Prof. McConnell himself has hinted at an equally interesting question --
namely, under the Court's traditional "no direct aid" rule, precisely what
sort of religious "inculcation" may not be supported with public aid: is it
impermissible merely to "integrate[] . . . religious understandings . . .
into the curriculum," or is the prohibited activity limited to more express
(or "direct") religious instruction or proselytizing? The Court has never
been very clear on the question; more often, it has used ambiguous phrases
similar to O'Connor's reference above to ensuring that "state funds do not
advance religion."
(Please note: None of the above is intended to express a view one way or the
other on whether the Court *should* abandon the "no direct funding" or "no
direct aid to p.s. schools" principles!)
Marty Lederman
(in my personal capacity)
Michael McConnell writes:
James Dwyer raises an interesting question about the "pervasively
sectarian" (PS) caetgory.
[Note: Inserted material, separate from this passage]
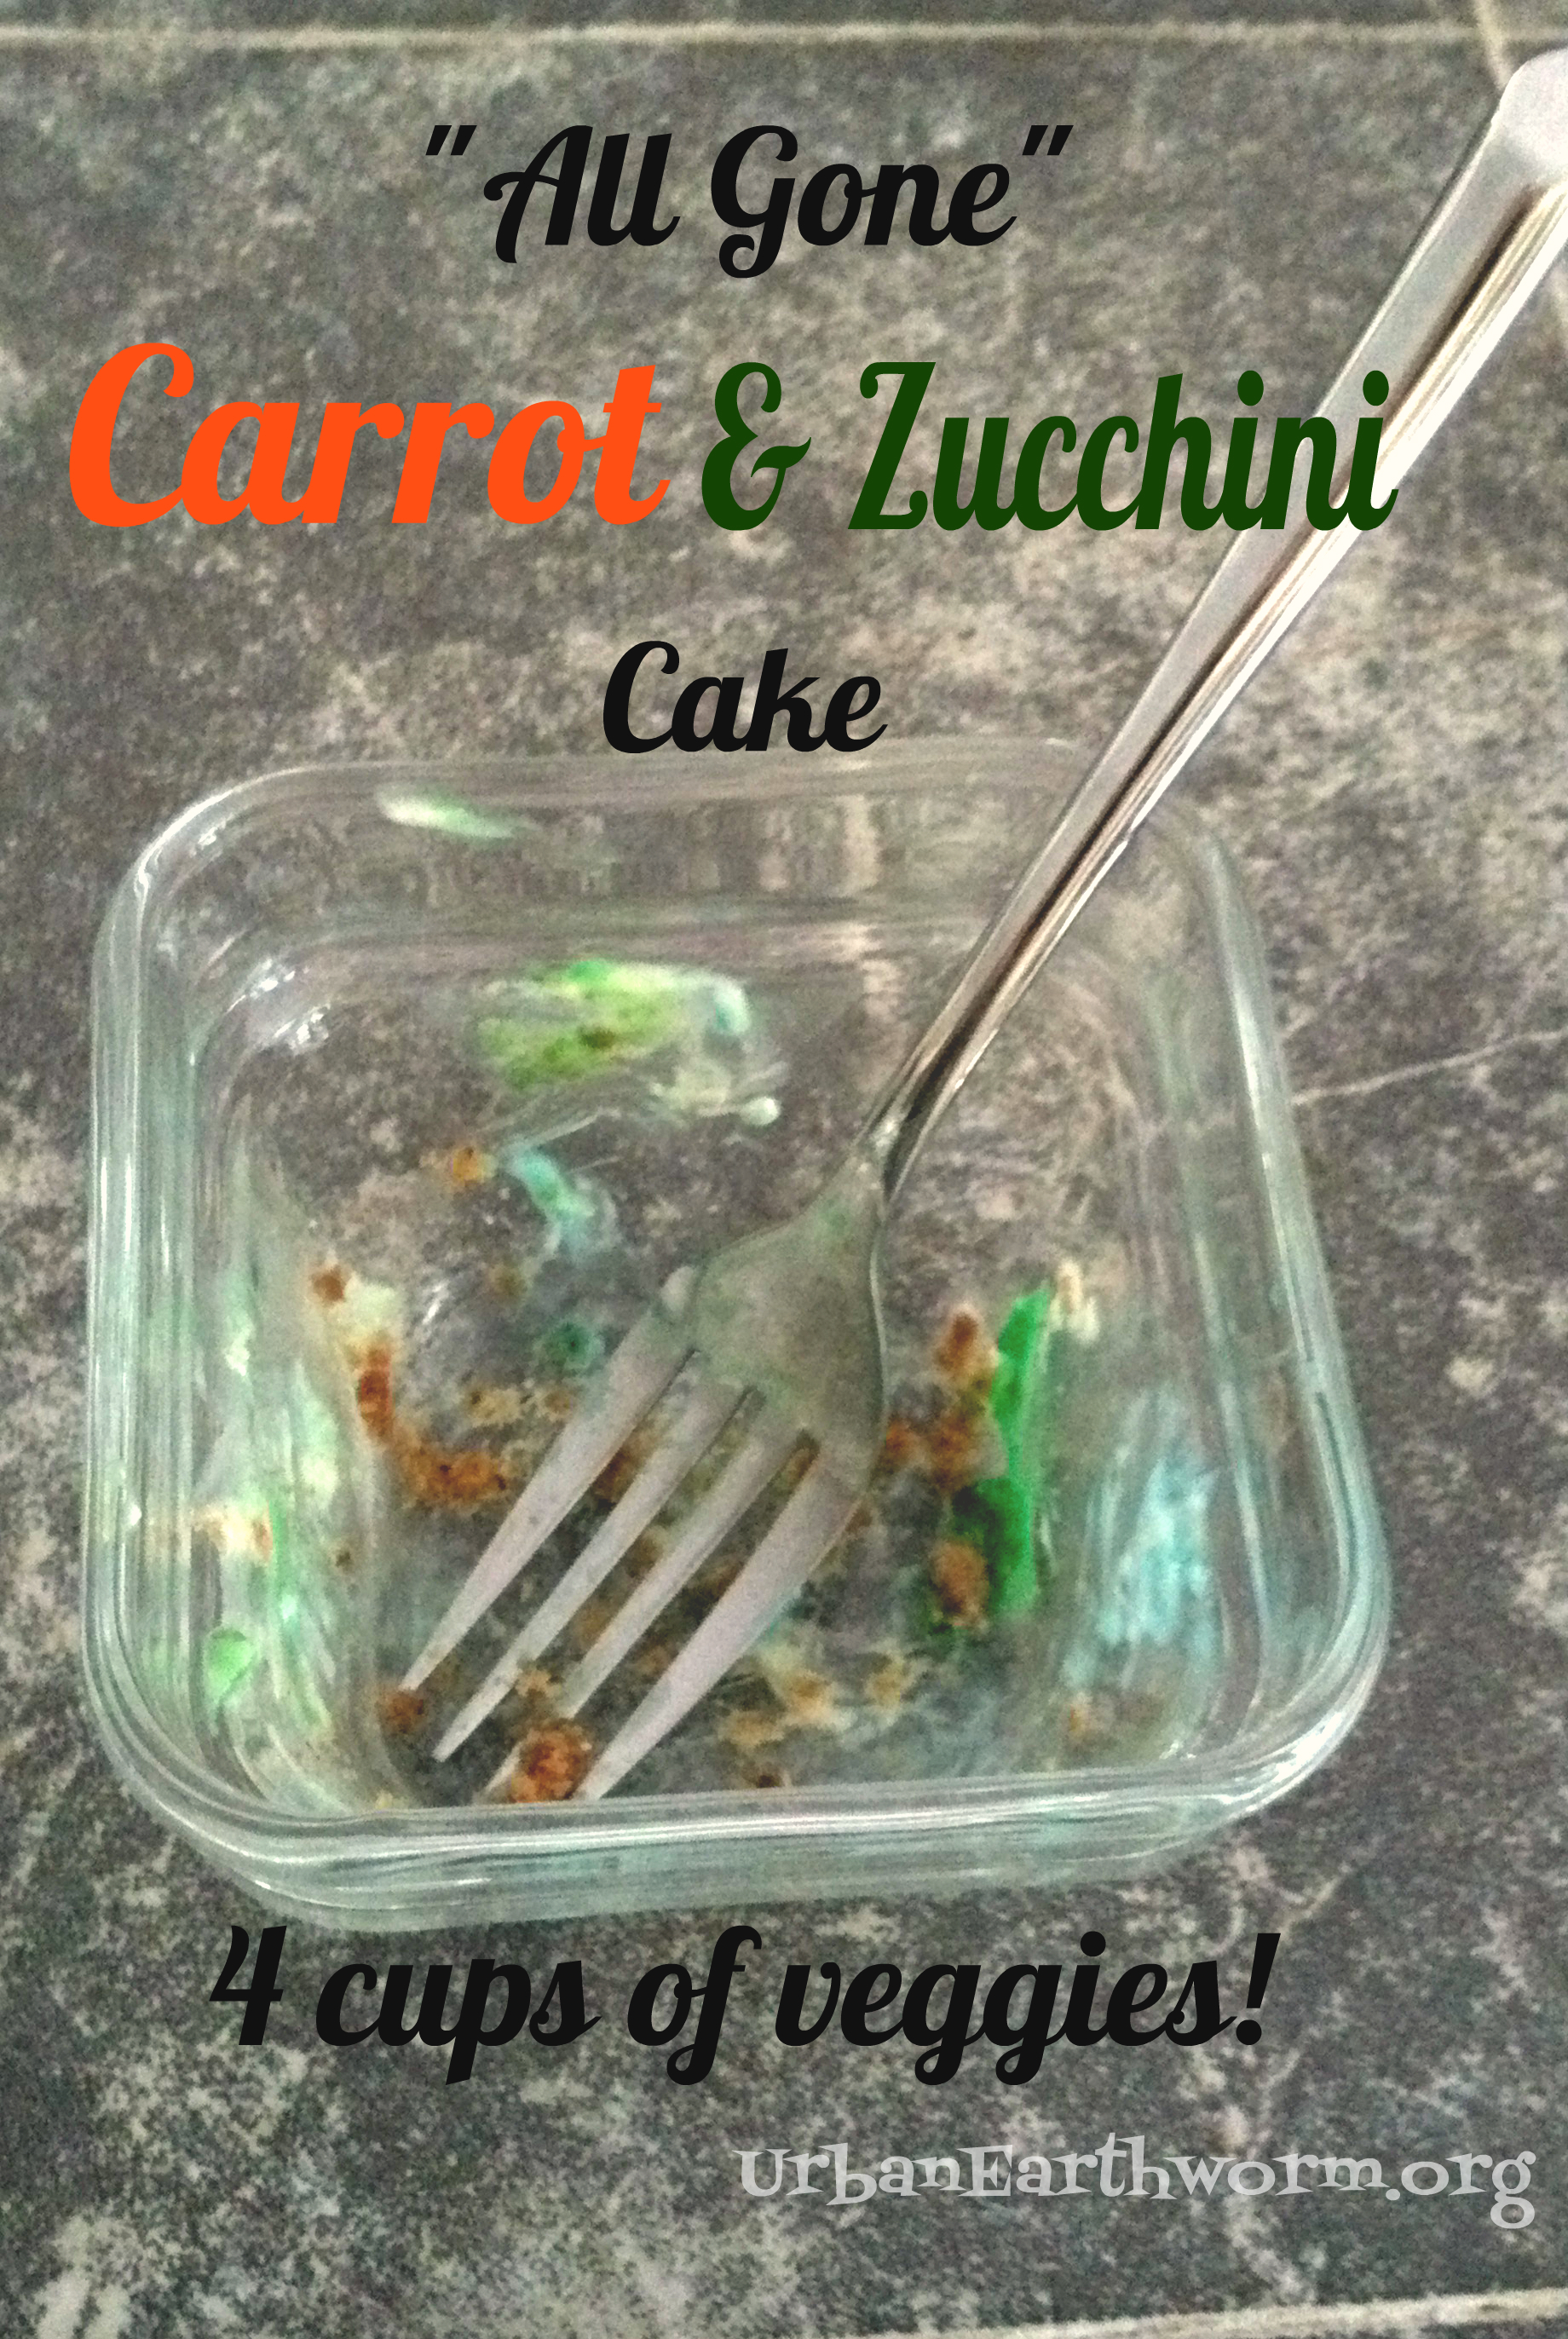 Vegan Carrot and Zucchini Cake recipe with vegan cream cheese icing

In the past, this distinction has been
interpreted very crudely, to the effect that religious elementary and
secondary schools are PS, and nothing much else (except probably
houses of worship, but that has never come up). This was a way of
justifying the status quo as of 30 years ago, in which government
funds were provided to all sorts of religiously affiliated
organizations (which are run by Protestants as well as others) and
not to schools (which were predominantly Catholic). The case in which
the distinction crystallized as a constitutional category, Tilton v.
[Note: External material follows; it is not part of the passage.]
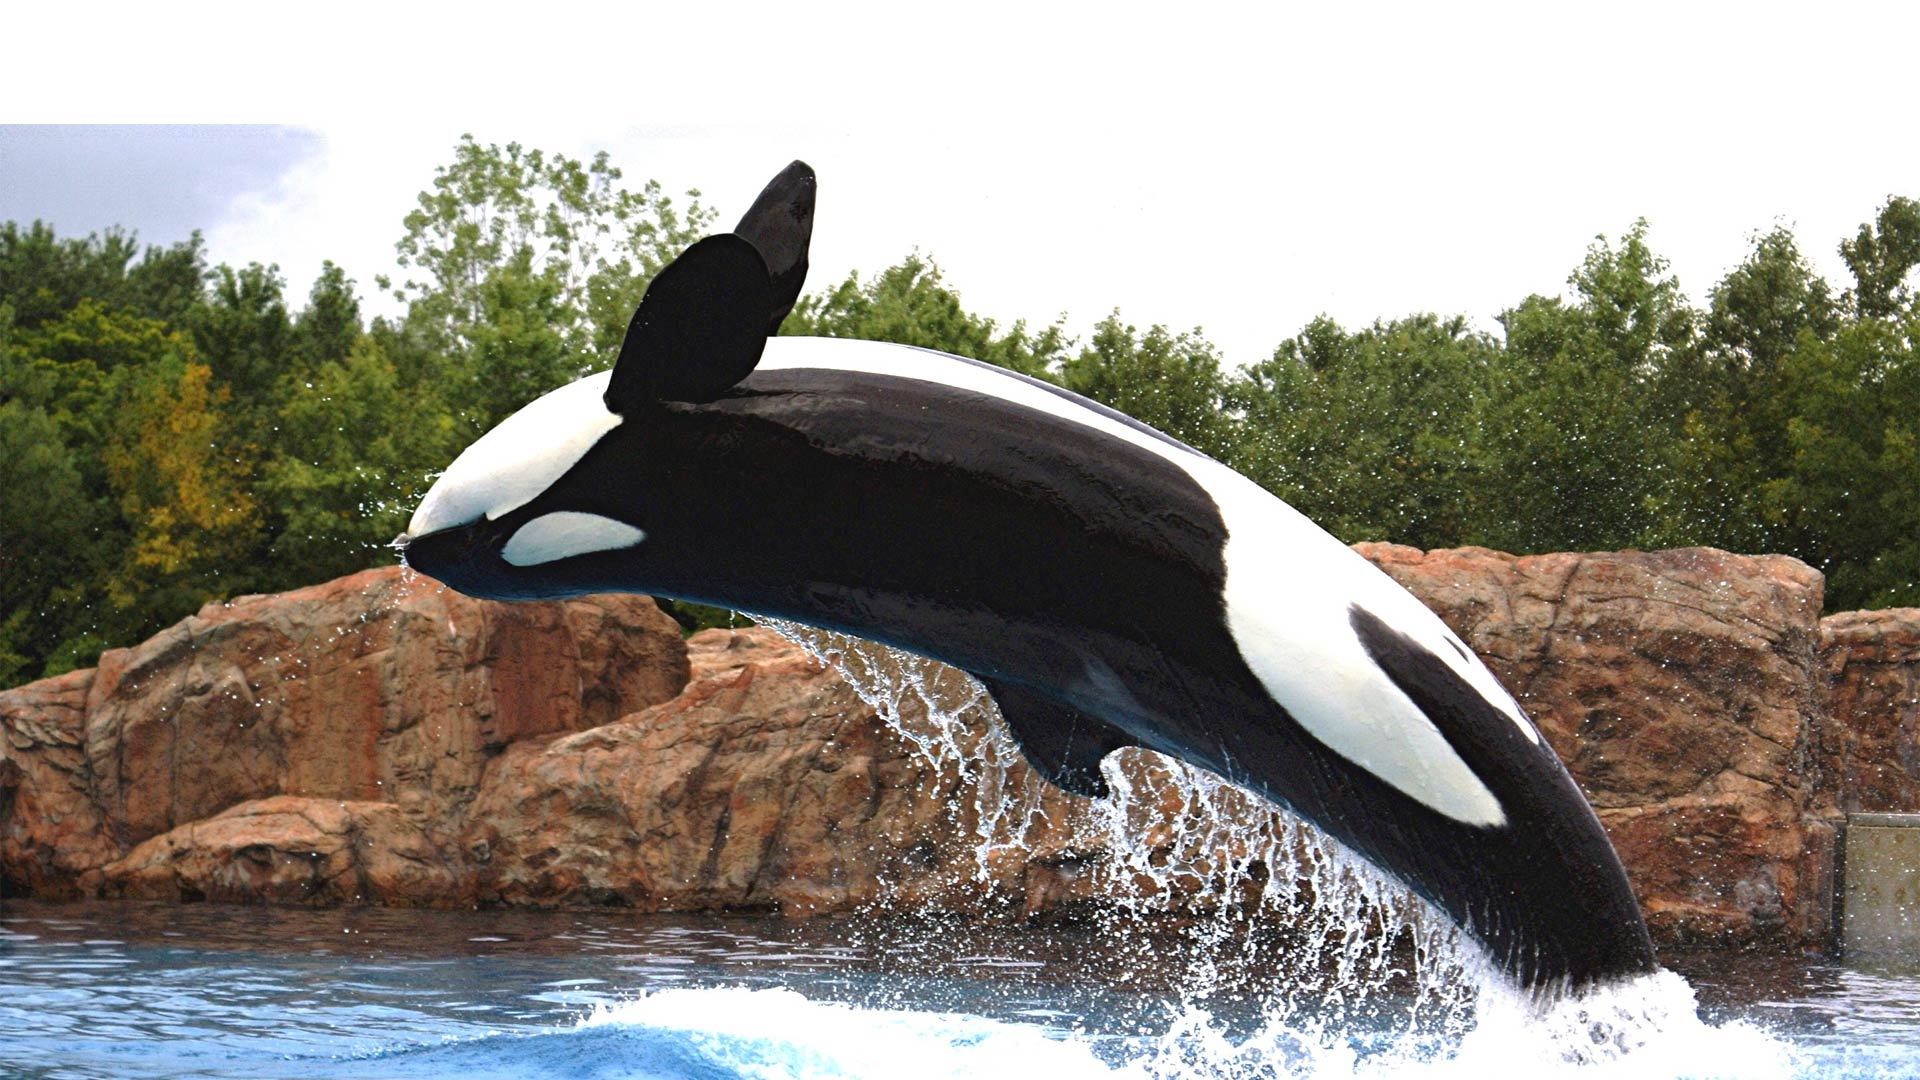 Los responsables de Seaquarium afirman que la orca está sana y trasladarla sería cruel y traumático

Richardson, was a plurality opinion; a majority of the Court thought
the distinction was malarky. The doctrine did have a certain
functional value, however: since the PS judgment was unrelated to the
actual facts of the case, it could be administered without intrusive
and subjective examinations of degrees of religiosity. No religiously
affiliated elem or secondary school could get funding, no matter how
much it watered down its religious identity. If the distinction is
to be taken seriously, as Columbia Union College shows, it will be an
entanglement nightmare, and will create an incentive for
secularization.
Catholic schools have not tended to challenge the PS categorization
in most cases, even though, as James Dwyer points out, they might
well succeed. I suspect this is because it would be awkward to admit
(to themselves and their communities) that religion is separate from
the rest of the curriculum, since their ostensible purpose is to
integrate religion into the rest of the curriculum.
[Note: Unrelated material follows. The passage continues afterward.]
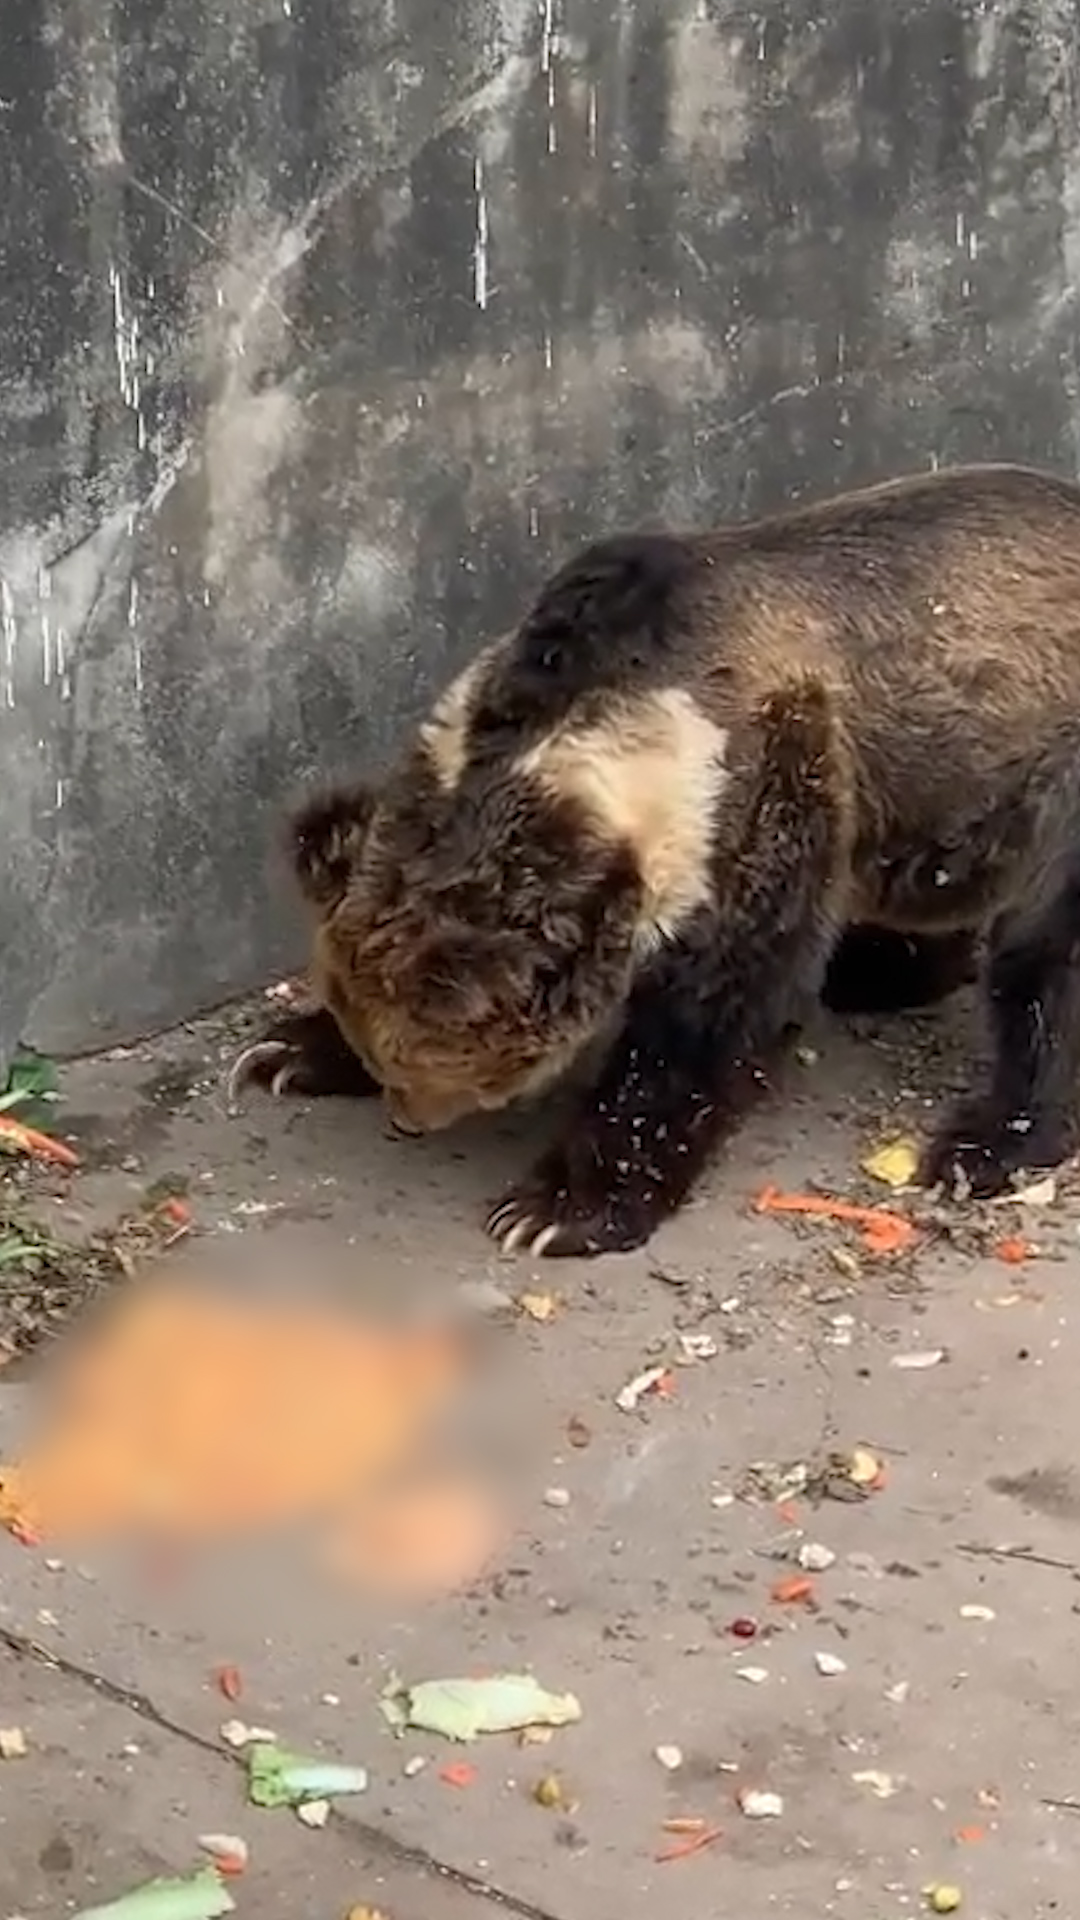 游客向動物園的熊投喂致其嘔吐 動物園：希望游客提高素質

I think the distinction is bad law and unsalvageable, since I
do not think there is any legitimate public purpose in discouraging
the integration of religious thought with the entire curriculum. That
is what my wife and I have tried to do in our homeschooling, with
highly satisfactory academic results. If "pervasively sectarian"
means that religious understandings may not be integrated into the
curriculum, it should be scrapped as a constitutional concept. It
promotes a particular view of religion.